Hace pocos días, en el canal de TV del diario La Nación, Miguel Ángel Pichetto explicó cuál debería ser el papel a jugar por el peronismo en la Argentina macrista. Sintetizó todo con la foto de Raúl Alfonsín y Antonio Cafiero, en el balcón de la Casa Rosada, durante la crisis de Semana Santa del ’87. Es decir, gobierna Macri y el peronismo, «de modo responsable», acompaña la gestión con matices, dedicándose más a resolver su interna que a disputar el rumbo general de los acontecimientos.

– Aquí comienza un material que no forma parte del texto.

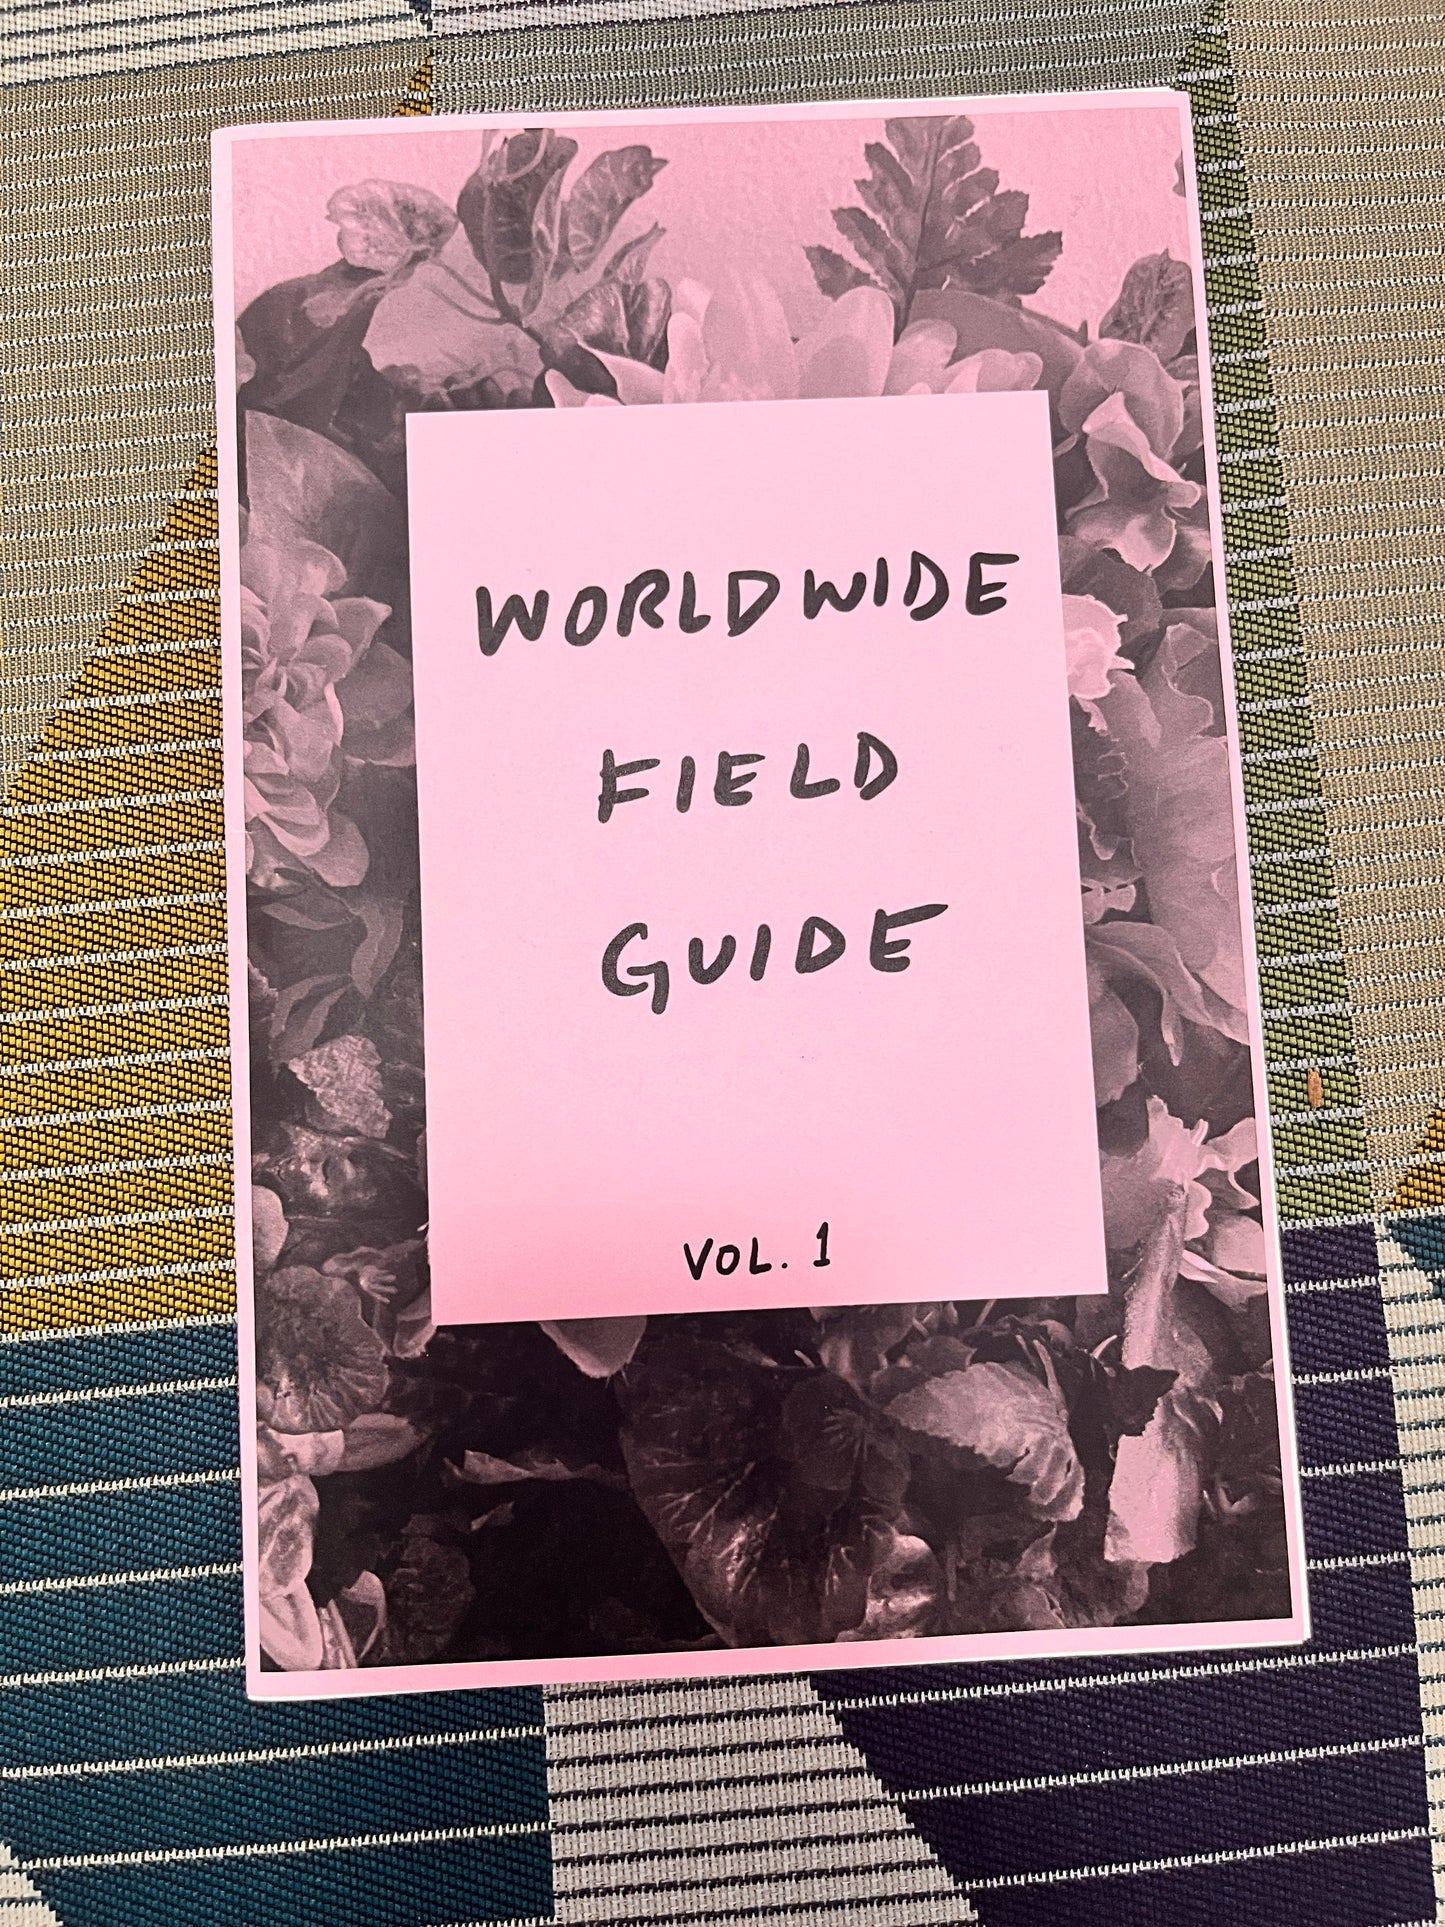 Worldwide Field Guide Vol.1

El jefe de la bancada del FVP (cargo para el que fue reelegido recientemente con el voto de los senadores kirchneristas) también halagó el acuerdo con los buitres, la salida del cepo y la quita de subsidios que disparó las tarifas. Le pareció que todo eso era inevitable. Y blanqueó, aunque no de manera expresa, que los gobiernos de CFK fueron gobiernos de coalición, donde había un sector duro en lo ideológico («radicalizado», dijo) que convivía con otro «responsable», en el que él mismo revistaba, junto a varios gobernadores y hasta funcionarios, probablemente algunos de los que se fotografiaron junto al rionegrino y Florencio Randazzo esta semana.
Pichetto no es un estratega de la política, pero tampoco un aprendiz. Se convenció de que el péndulo del poder se detuvo por un largo tiempo del lado del macrista de la escena. Llama, entonces, a una suerte de consenso de lo inevitable, tomando como propia la bajada de línea que el oficialismo dio en el primer «davosito» ante empresarios o inversores presuntos reunidos en el Centro Cultural Kirchner, en septiembre de 2016. En ese foro, Emilio Monzó, presidente de la Cámara de Diputados, definió a Macri como «el conquistador de la Nueva Argentina» y aseguró que con el triunfo de Cambienos se acababa «la generación política predemocrática». E, incluso, vaticinó cuáles podrían ser los eventuales sucesores del actual jefe de Estado: «María Eugenia Vidal, Horacio Rodríguez Larreta, Sergio Massa, Juan Manuel Urtubey, Ernesto Sanz y Ramón Mestre».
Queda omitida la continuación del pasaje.